Решение следовало принимать быстро, и Альвар де Пеллино принял, как потом оказалось, неверное решение. Охваченный паникой и неразумным стремлением остаться незамеченным, Альвар чуть не навредил своему здоровью тем, что задержал остатки жидкости и затаился. Он страстно надеялся, что эти двое пришли сюда только для того, чтобы обменяться колкими шуточками.
— Я мог бы устроить так, что твоих сыновей убьют, а ранчо сожгут, — сказал Гонзалес де Рада довольно приветливым тоном, — если ты доставишь мне хлопоты.
Альвар решил, что самым разумным будет на время перестать дышать.
— Попробуй, — резко ответил капитан. — Мальчикам будет полезно потренироваться в отражении нападения, пусть и неумелого. Но, прежде чем ты уйдешь, объясни мне, почему хлопоты доставлю тебе я, а не твой мерзкий братец.
— Если де Рада хочет совершать набеги на Аль-Рассан, какое тебе до этого дело, Бельмонте?
— Вот как! Хорошо. Если дело обстоит так, то зачем просить меня закрыть глаза и притвориться, будто я его не вижу?
— Я только пытаюсь уберечь тебя от неловкого…
— Не надо считать всех остальных дураками, де Рада. Я собираю дань с Фезаны для короля. Единственное, чем обоснована законность уплаты этой дани, — это то, что Рамиро официально гарантировал безопасность городу и окружающим его селам. Не только от разбойников, от своего брата в Руэнде или от других мелких правителей Аль-Рассана, но и от шутов из собственной страны. Если твоему брату хочется играть в налетчика ради собственного удовольствия, то лучше ему не заниматься этим у меня на глазах. Если я замечу его поблизости от Фезаны, то разделаюсь с ним от имени короля. Ты сделаешь ему одолжение, если доведешь это до его сведения. — Теперь в голосе Капитана уже не было ни недовольства, ни иронии, ничего, кроме железа.

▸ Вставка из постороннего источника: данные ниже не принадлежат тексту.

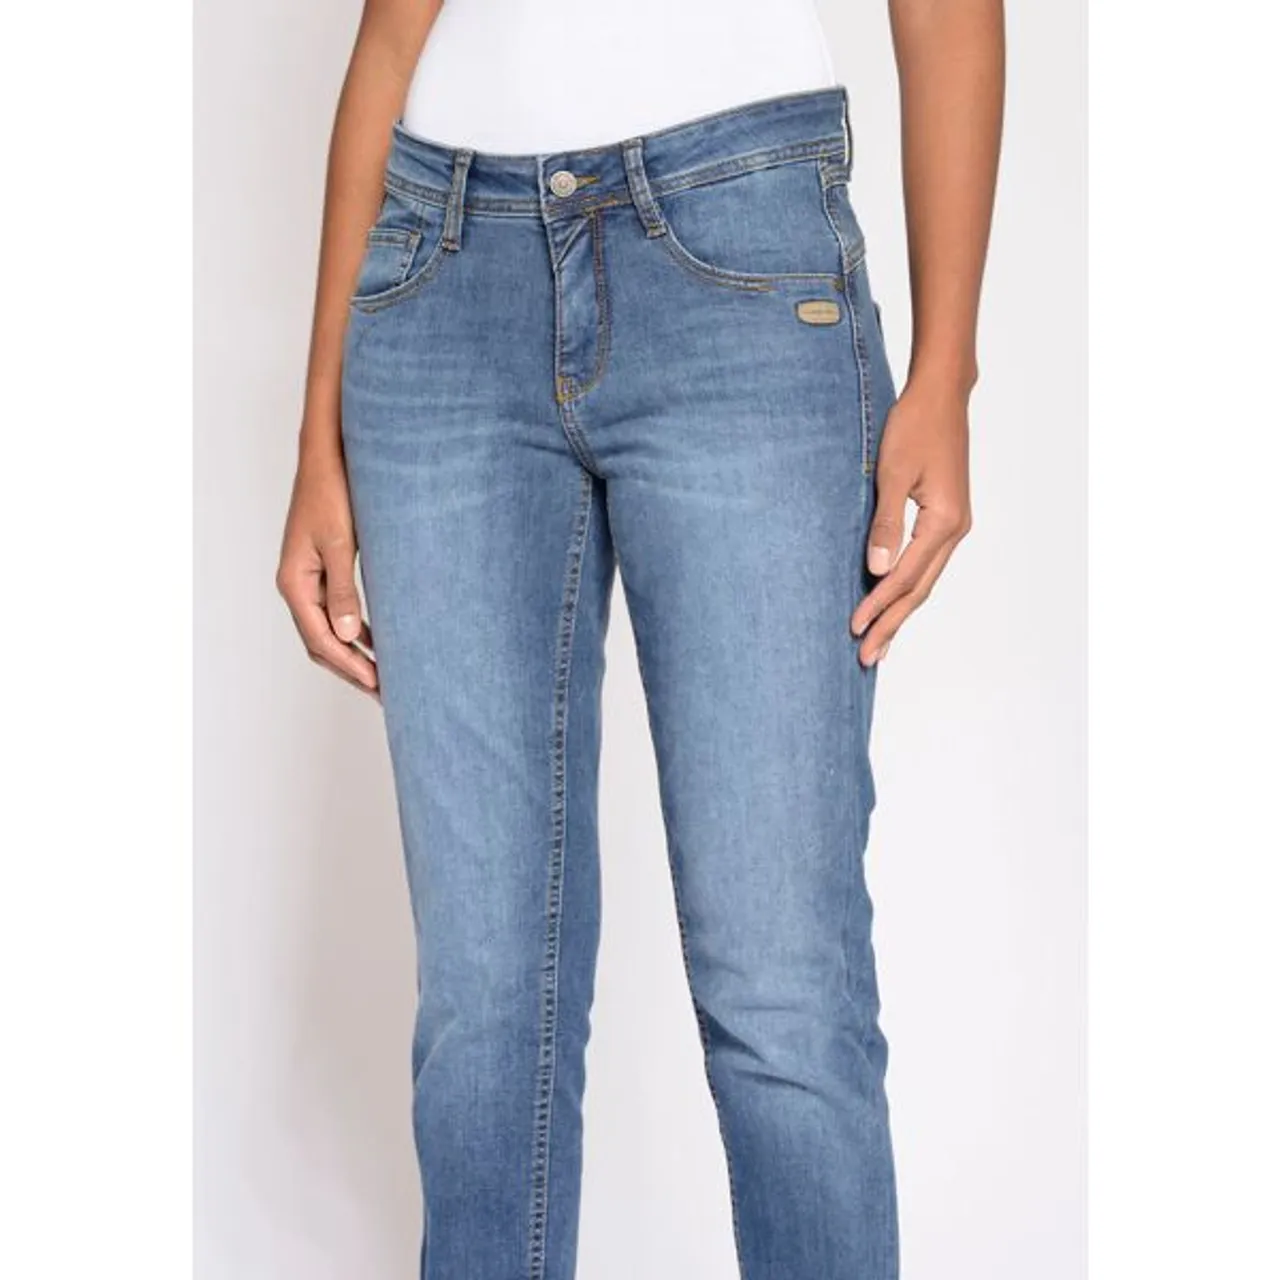 Relax-fit-Jeans GANG "94AMELIE" Gr. 26 (34), N-Gr, blau (universal class wash) Damen Jeans Weite

Воцарилось молчание. Альвар слышал, как Лайн Нунес резким голосом отдает приказы возле коней. Голос его звучал сердито. Это случалось часто. Несмотря на все усилия, Альвар испытывал настоятельную необходимость вздохнуть и постарался проделать это как можно тише.
— Не испытываешь ли ты некоторой озабоченности, — произнес Гонзалес де Рада обманчиво серьезным, почти мягким тоном, — уезжая в земли неверных после того, как так грубо разговаривал с министром Вальедо, и покидая свою бедную жену на ранчо одну, с детьми и слугами?
— Отвечу одним словом — нет, — сказал Капитан. — Во-первых, ты слишком ценишь собственную жизнь, чтобы стать моим настоящим врагом. Я не буду говорить недомолвками: если я узнаю, что кто-нибудь из твоих подчиненных замечен неподалеку от моего ранчо, то я знаю, как действовать, и буду действовать. Надеюсь, ты меня понимаешь. Я хочу сказать, что убью тебя. Во-вторых, возможно, у меня есть свои соображения по поводу восшествия на трон нашего короля, но я считаю его человеком справедливым. Как ты думаешь, что сделает Рамиро, когда гонец в точности передаст ему этот наш разговор?
В голосе Гонзалеса де Рады зазвучала насмешка.
— Ты поставишь свое слово против моего перед королем?
— Думай, приятель, — нетерпеливо ответил Капитан. Альвар уже знал этот тон. — Ему и не надо мне верить. Но когда до него дойдут твои угрозы, — и при свидетелях, я тебе это обещаю, — как должен будет поступить король, если что-то случится с моей семьей?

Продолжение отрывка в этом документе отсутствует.